That's exactly what Bubble does. Having played with it a bit it seems pretty nice ...basically the latest iteration of tools like Klik & Play or Mediator from the 1990s. You get a visual designer with a few basic widgets, a simple workflow editor that allows for basic sequences of actions and so on. It's programming stripped down to the absolute basics. You get a database, a simple visual query builder thingie that vaguely resembles English, etc.
I just showed it to my girlfriend who is learning Python. Her comment was "hmm but is this really easier than learning to code"? Well, it probably IS a lot easier, as long as your app fits within the constraints of what Bubble can do.
The problem with such tools is always that you very quickly hit the limits of what they can do, and then you're stuck.

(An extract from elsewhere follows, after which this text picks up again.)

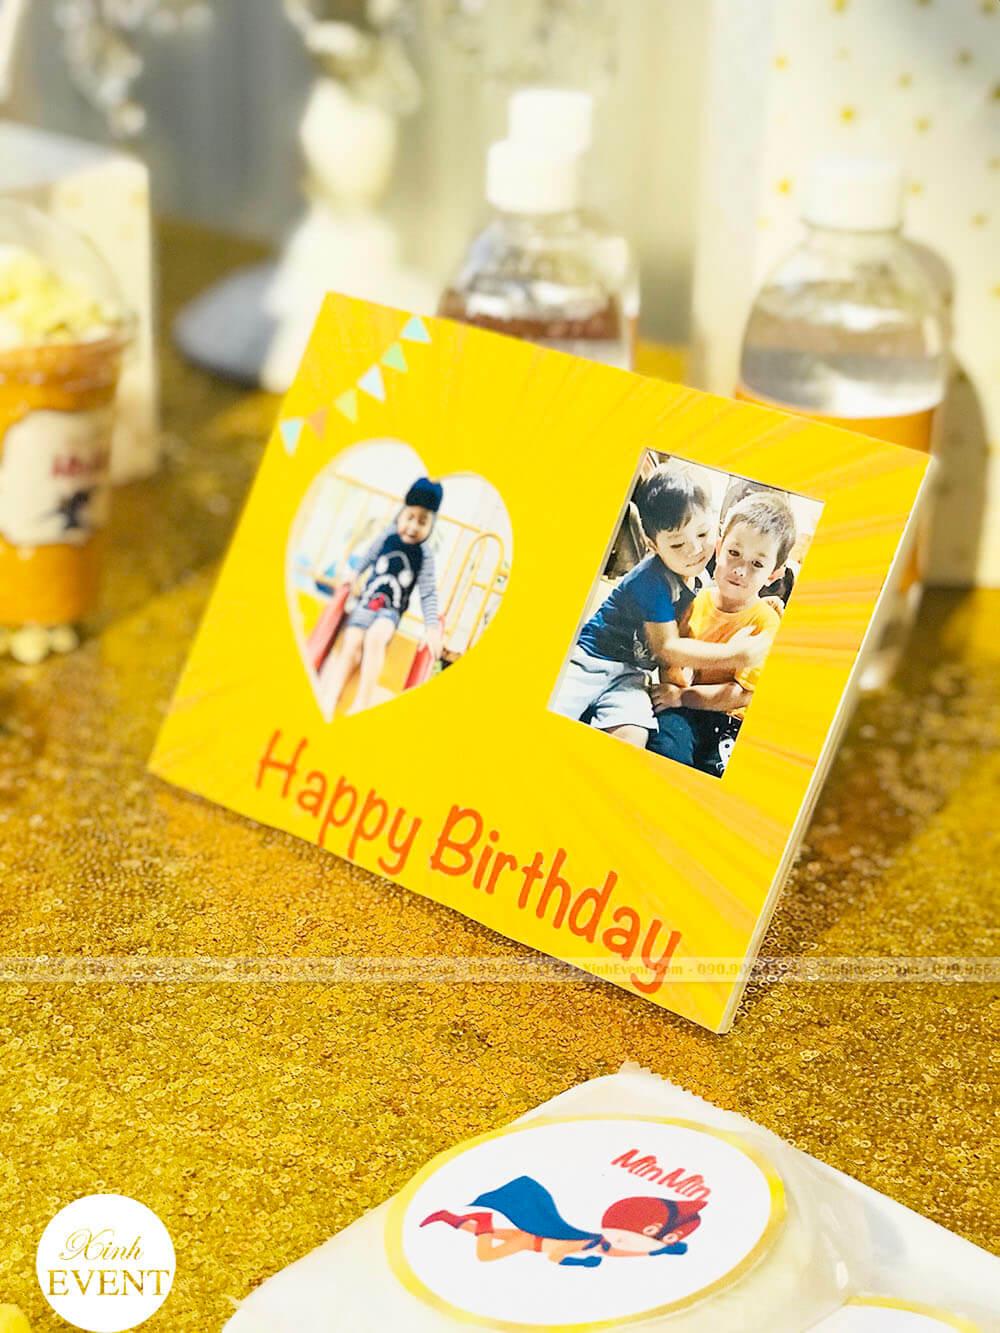 Thiêp sinh nhật trang trí trên bàn quà

You can't easily peel back the abstraction and go deeper. You end up having to scrap the project or just give up on certain things. Bubble's "language" can't do looping, for instance. You can apparently write snippets of Javascript to do other stuff, but then you're back to needing to learn programming again.
Good!
Now, the button should be a slightly different shade if the user is logged in. And it should be blue if the user is an administrator. And the customer requested that it shouldn't show up at all if the user lacks the 'foo' privilege.
Cobol had that idea, and Applescript took it farther. For example:
tell application "Safari" to activate
It starts to get unwieldy because there are so many parts of speech, and remembering them all and how they fit is a pain. Some people call Applescript a "read only" language because of this.
"Looking like a natural language" doesn't make the language easier to use, at least until we have AI compilers.
I think python strikes a good balance, naturalish language whenever possible, without forcing it into places where it doesn't fit. At least that's the feel I got from it.